# Recorded information:
_ _ _ _ _

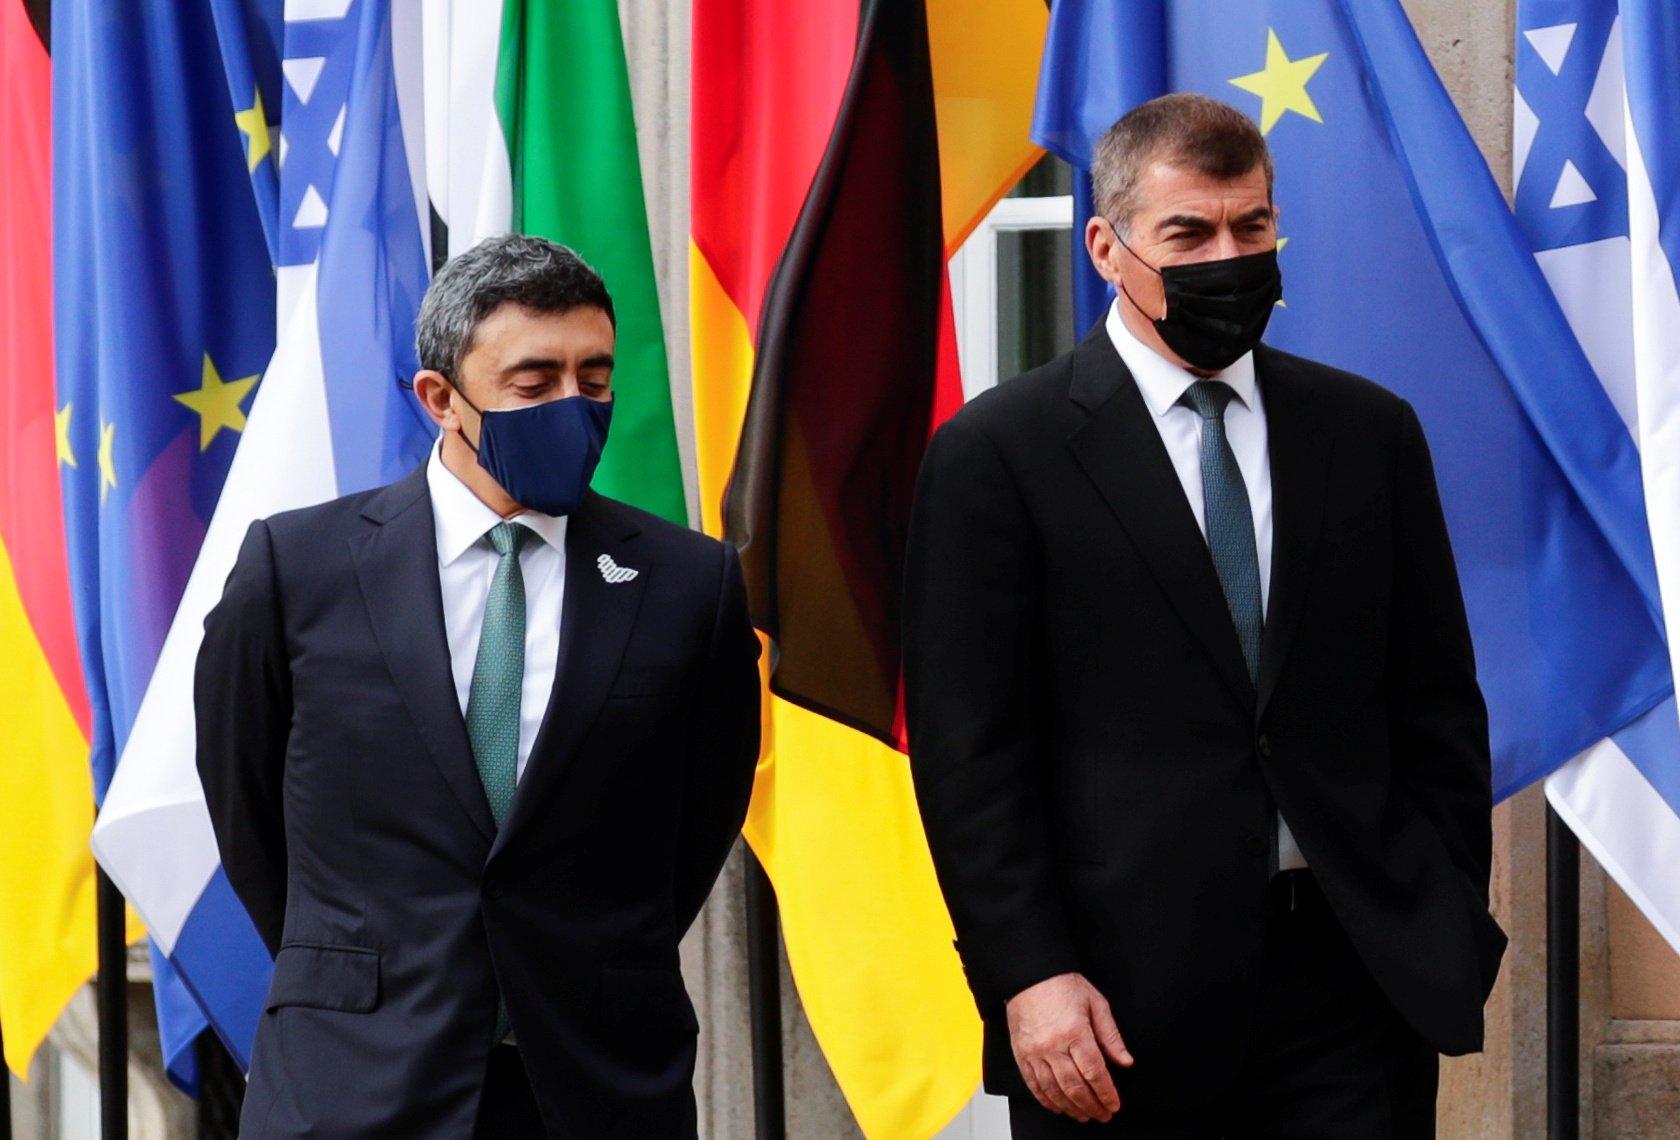 阿聯酋外長Sheikh Abdullah bin Zayed al-Nahyan(左)和以色列外長Gabi Ashkenazi會面資料照。(HANNIBAL HANSCHKE/POOL/AFP)
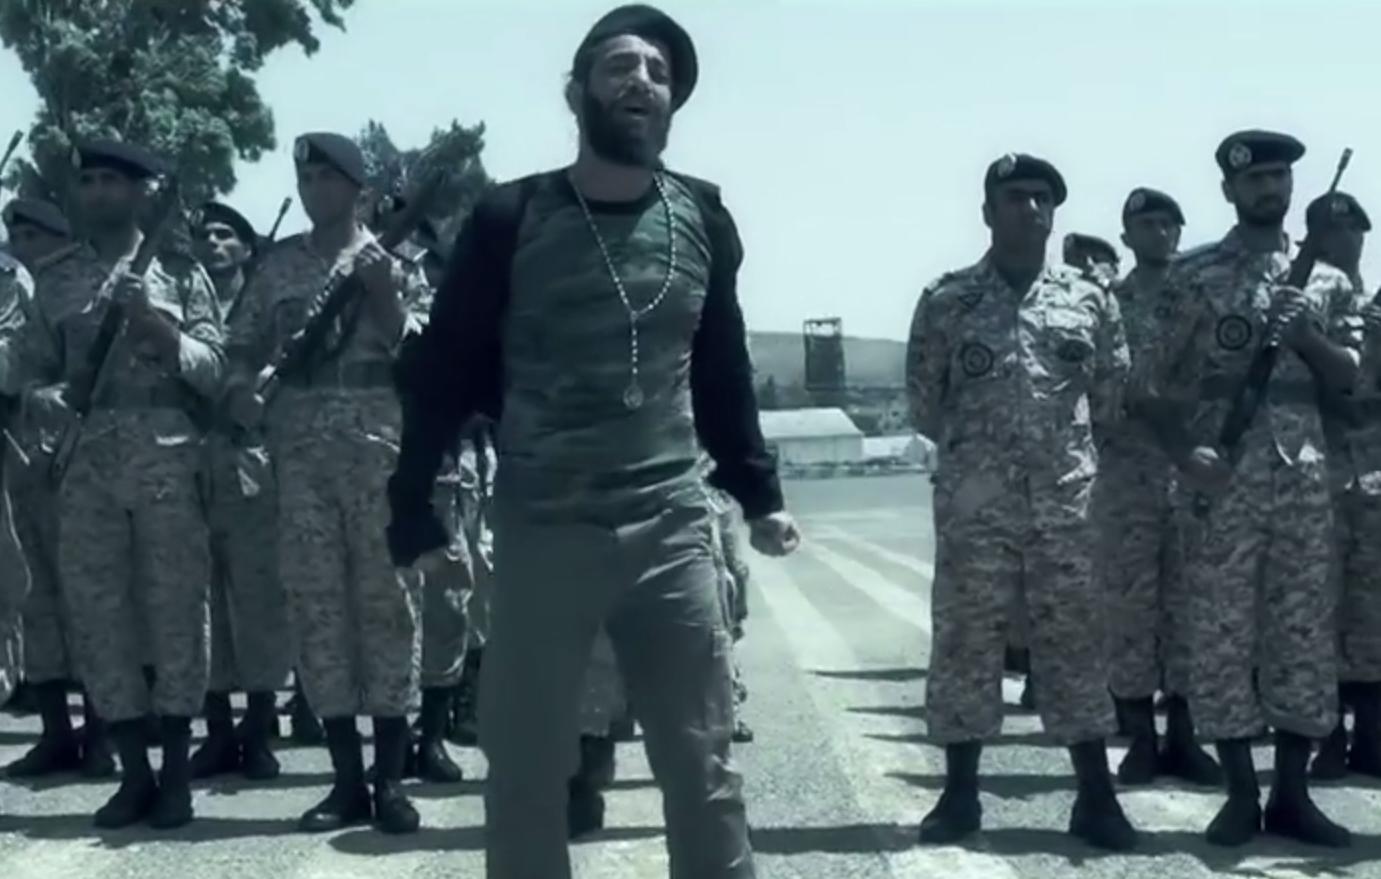 Screengrab from Amir Tataloo's music video.
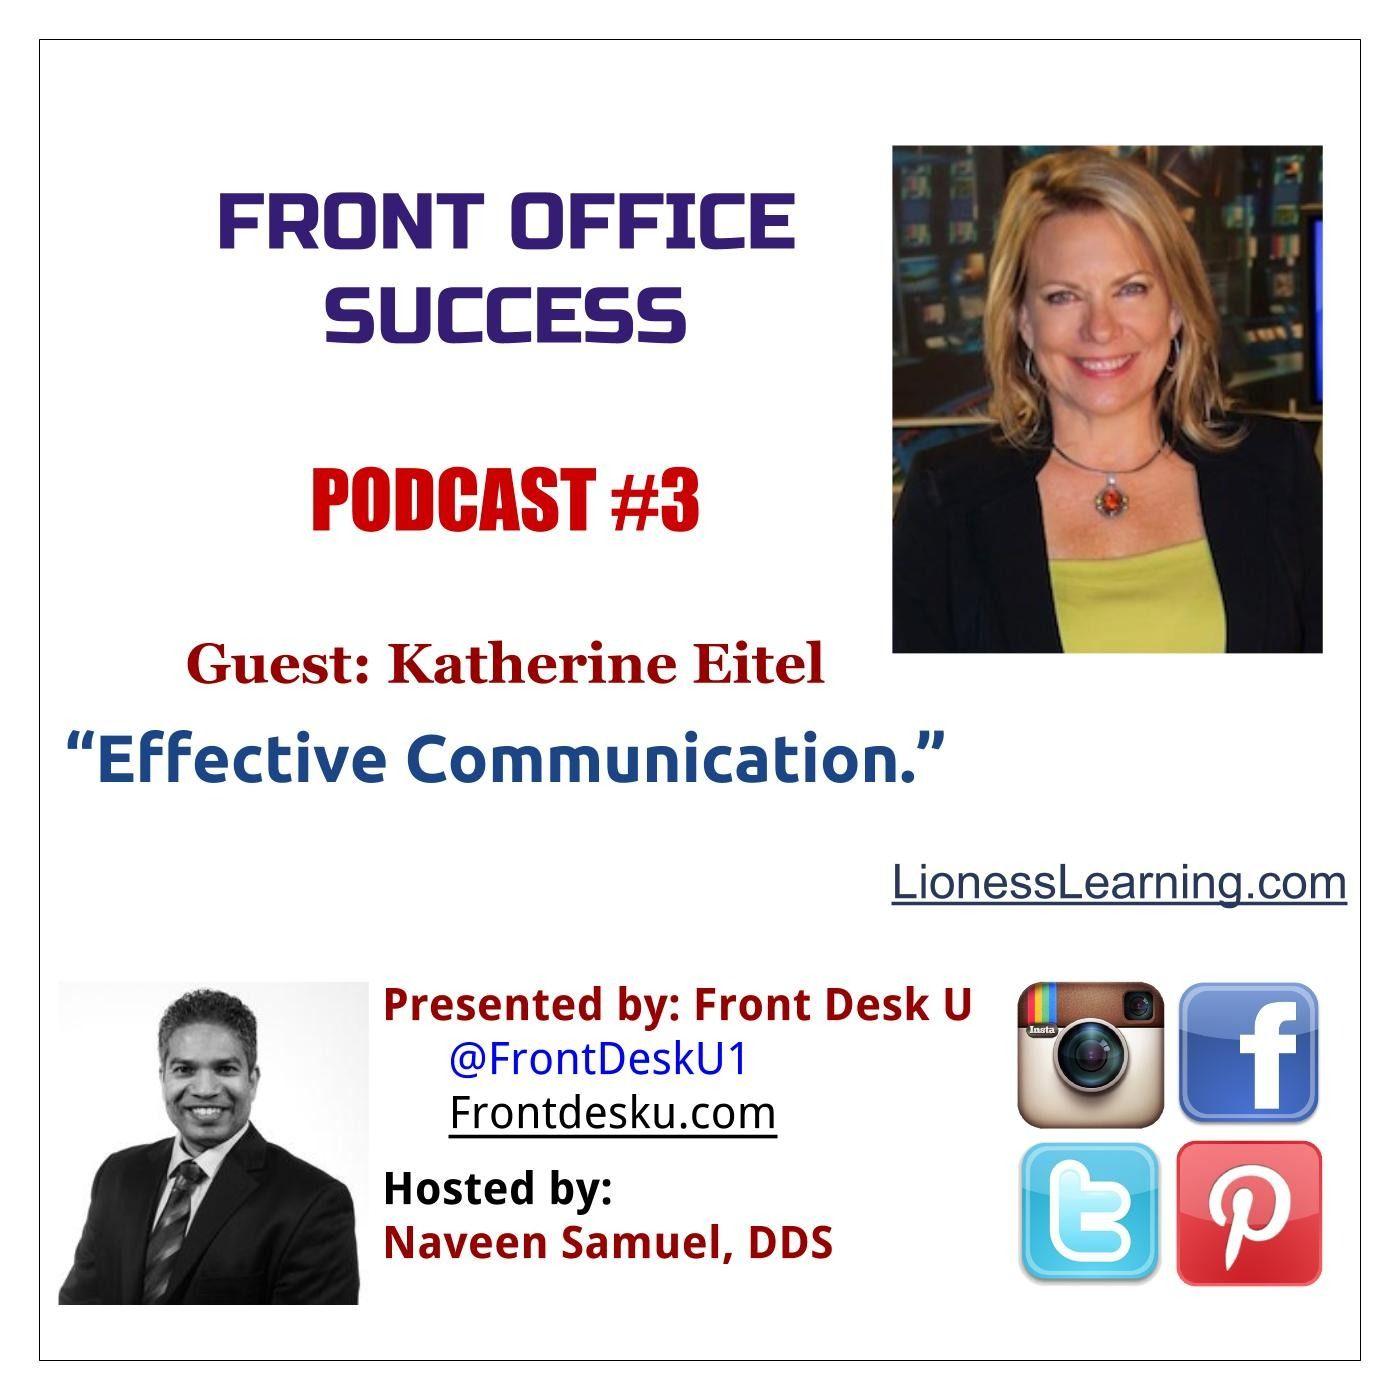 Front Office Success - Podcast #3 - Katherine Eitel
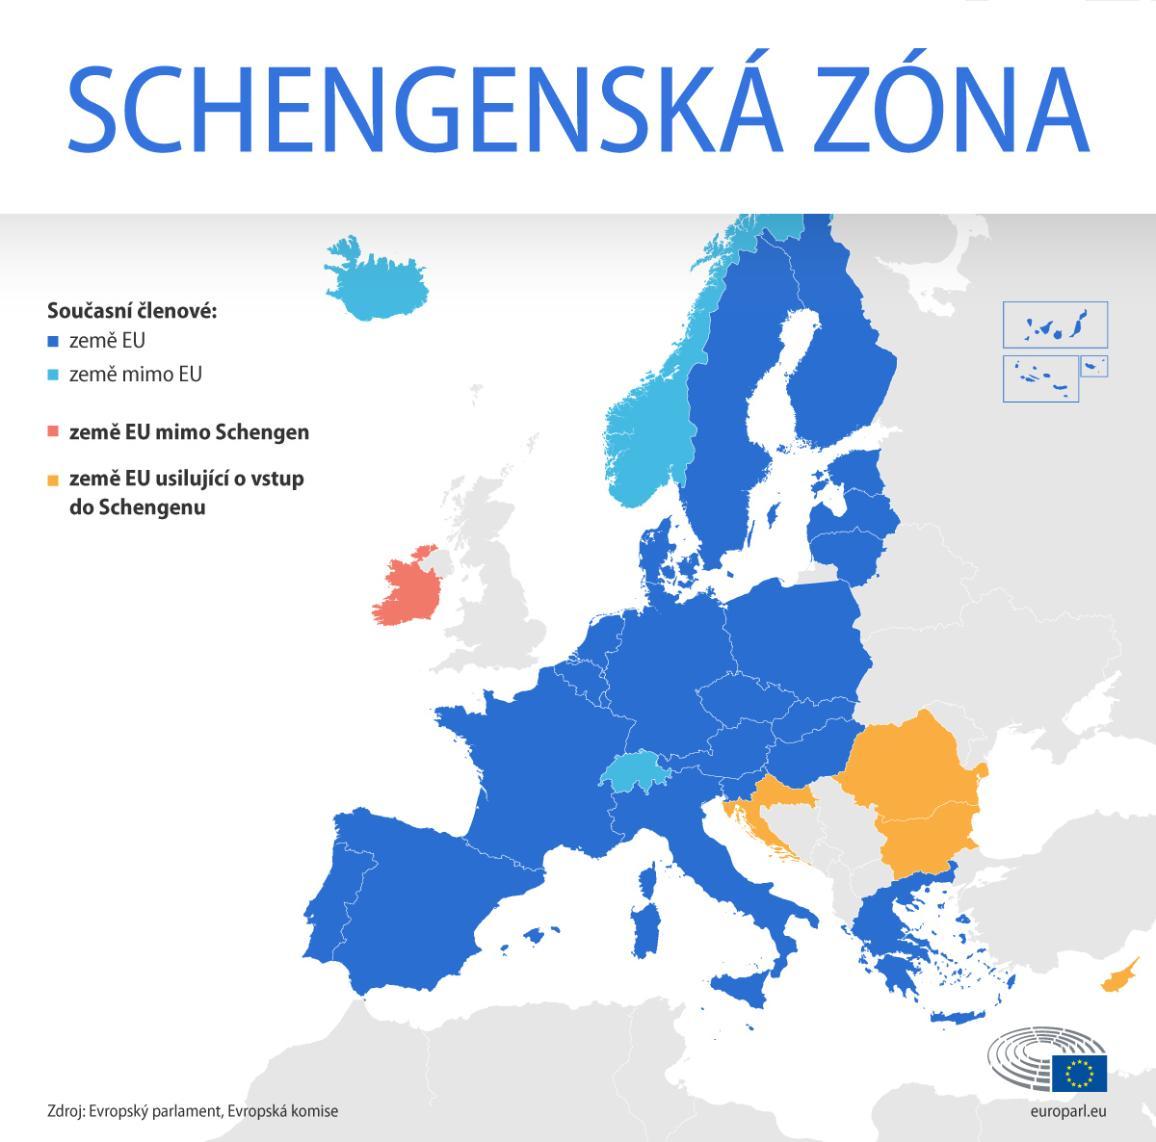 Schengenský prostor

_ _ _ _ _

# Assignment:
The full data, repeated exactly and stripped of its pictures, is the expected answer.

# The completed task:
 阿聯酋外長Sheikh Abdullah bin Zayed al-Nahyan(左)和以色列外長Gabi Ashkenazi會面資料照。(HANNIBAL HANSCHKE/POOL/AFP)
 Screengrab from Amir Tataloo's music video.
 Front Office Success - Podcast #3 - Katherine Eitel
 Schengenský prostor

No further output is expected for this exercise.